Muscles of the ventrolateral thorax and abdominal wall, diaphragm
With the development of the ribs, which proceed out of the associated ventral sclerotome process and grow ventrally in an appositional way, premyoblasts from the thoracic dermatomyotome of the associated somites also get into the thoracic wall. They develop to become intercostal musculature. Their innervation also proceeds in a strictly segmental way. Secondarily, muscles from the arm buds reach the thorax (pectoral muscle and M. serratus anterior, both of which are innervated via the brachial plexus). The caudal section of the thoracic somites form premyoblasts in the same form as in the rib region. These premyoblasts also migrate ventrally (stages 14-16) and, on both sides, form compact premuscle masses that are soon, though, riddled with somatopleura cells. Initially this mass of muscle still lies in the posterior section of the lateral abdominal wall. Out of this the 4 abdominal wall muscle blastemas differentiate more and more with the M. rectus abdominis , M. obliquus internus and externus as well as the M. transversus abdominis (stages 19-20). This process is regulated by the somatopleura cells. Finally the muscle blastemas reach their definitive positions in the ventral region of the abdomen.
In the region below the navel the muscles have various origins: on the one hand myoblasts stem from the caudal eminence (eminentia caudalis) region and arrive at locations around the cloacal membrane on the ventral side. There they form a part of the abdominal as well as portions of the bladder musculature. From the same mesenchyma stem also the musculature of the cloacal sphincter, as well as the intestinal musculature. On the other hand, the lowest thorax somites deliver parts of the lower abdominal musculature. At the navel ring cells of ectodermal origin enter under the ectoderm and form their part of this musculature.

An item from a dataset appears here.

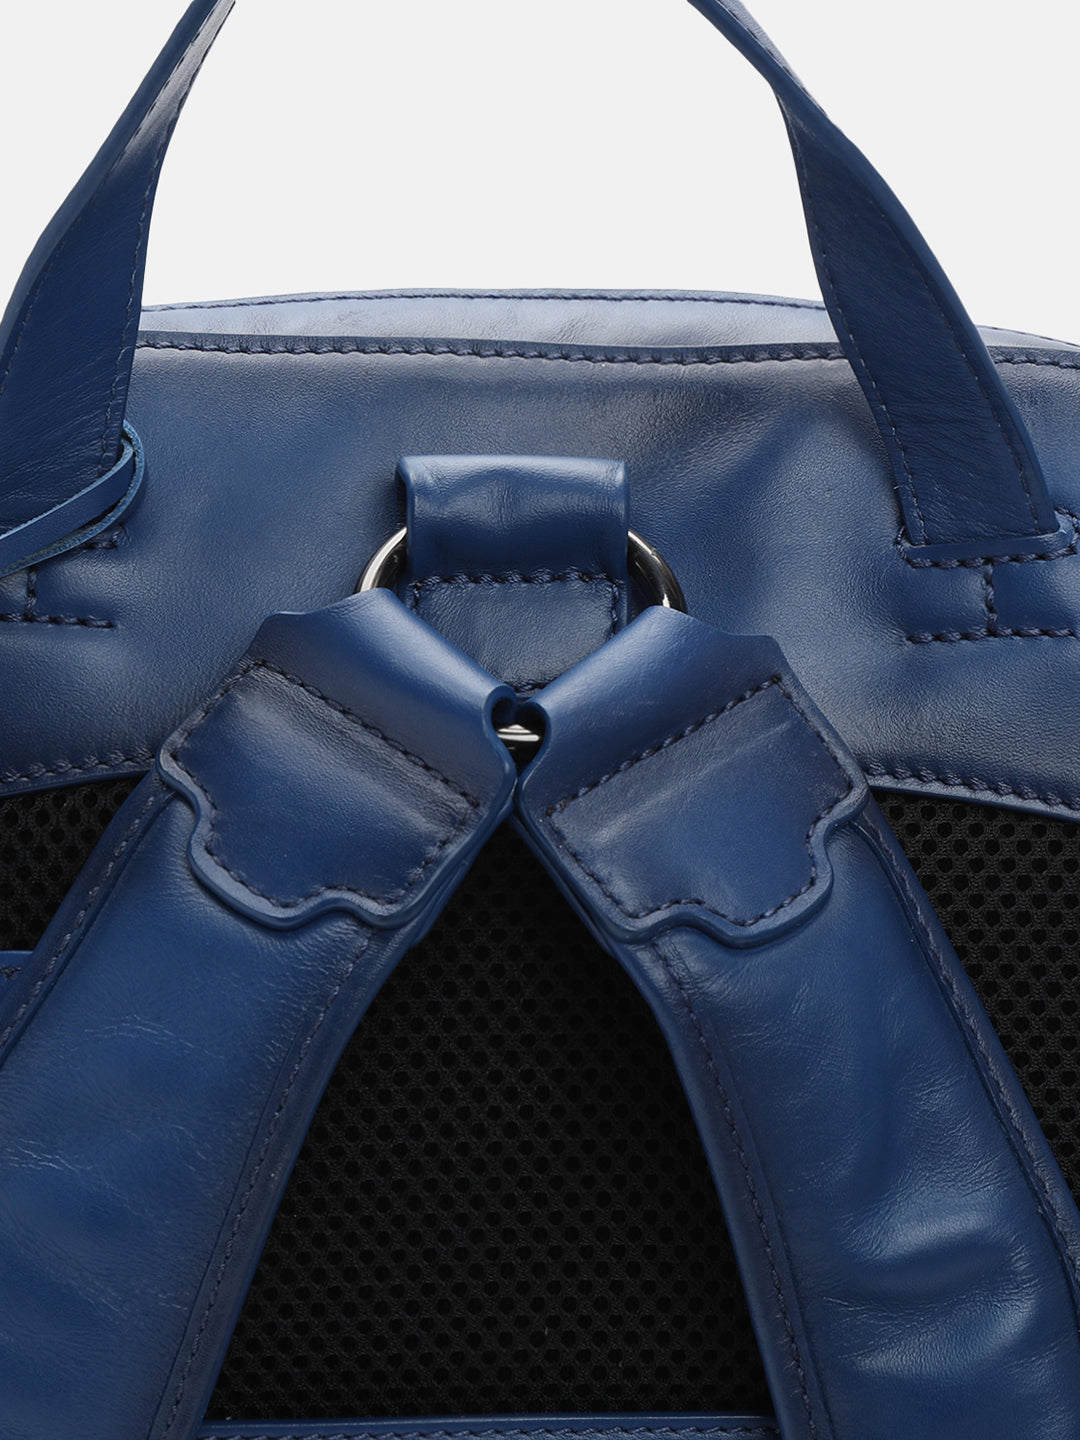 BAGATT Solofra Light blue Leather Bagpack

The diaphragm is formed to a great extent from mesenchyma of the pleuroperitoneal fold (PPF). This is pyramid-shaped, extends into the cervical level to the mesenterium of the esophagus and unites ventrally with the transverse septum.
In the early development (stage 10) the transverse septum is a mesenchymal bridge above the somites between the pericardium and navel vesicle and forms the transition from the parietal to visceral mesoderm of the lateral plate. With the folding of the embryo around a transverse axis through the prechordal plate the heart makes a rotation of 180 degrees. Thereby the transverse septum and the PPF again come to lie caudally in a thoracic position (compare descent of the heart). A hint as to its original position, though, is provided by the innervation of the diaphragm by the n. phrenicus that derives from spinal nerves C3-C5.
Besides the material from the transverse septum with myoblasts from the cervical region, the diaphragm musculature has still other sources. These are the splanchno- and somatopleura and the pleuro-peritoneal fold (PPF) or pleuro-peritoneal membrane, which forms the dorso-lateral section of the transverse septum and thus a fold for the v. cardinalis communis.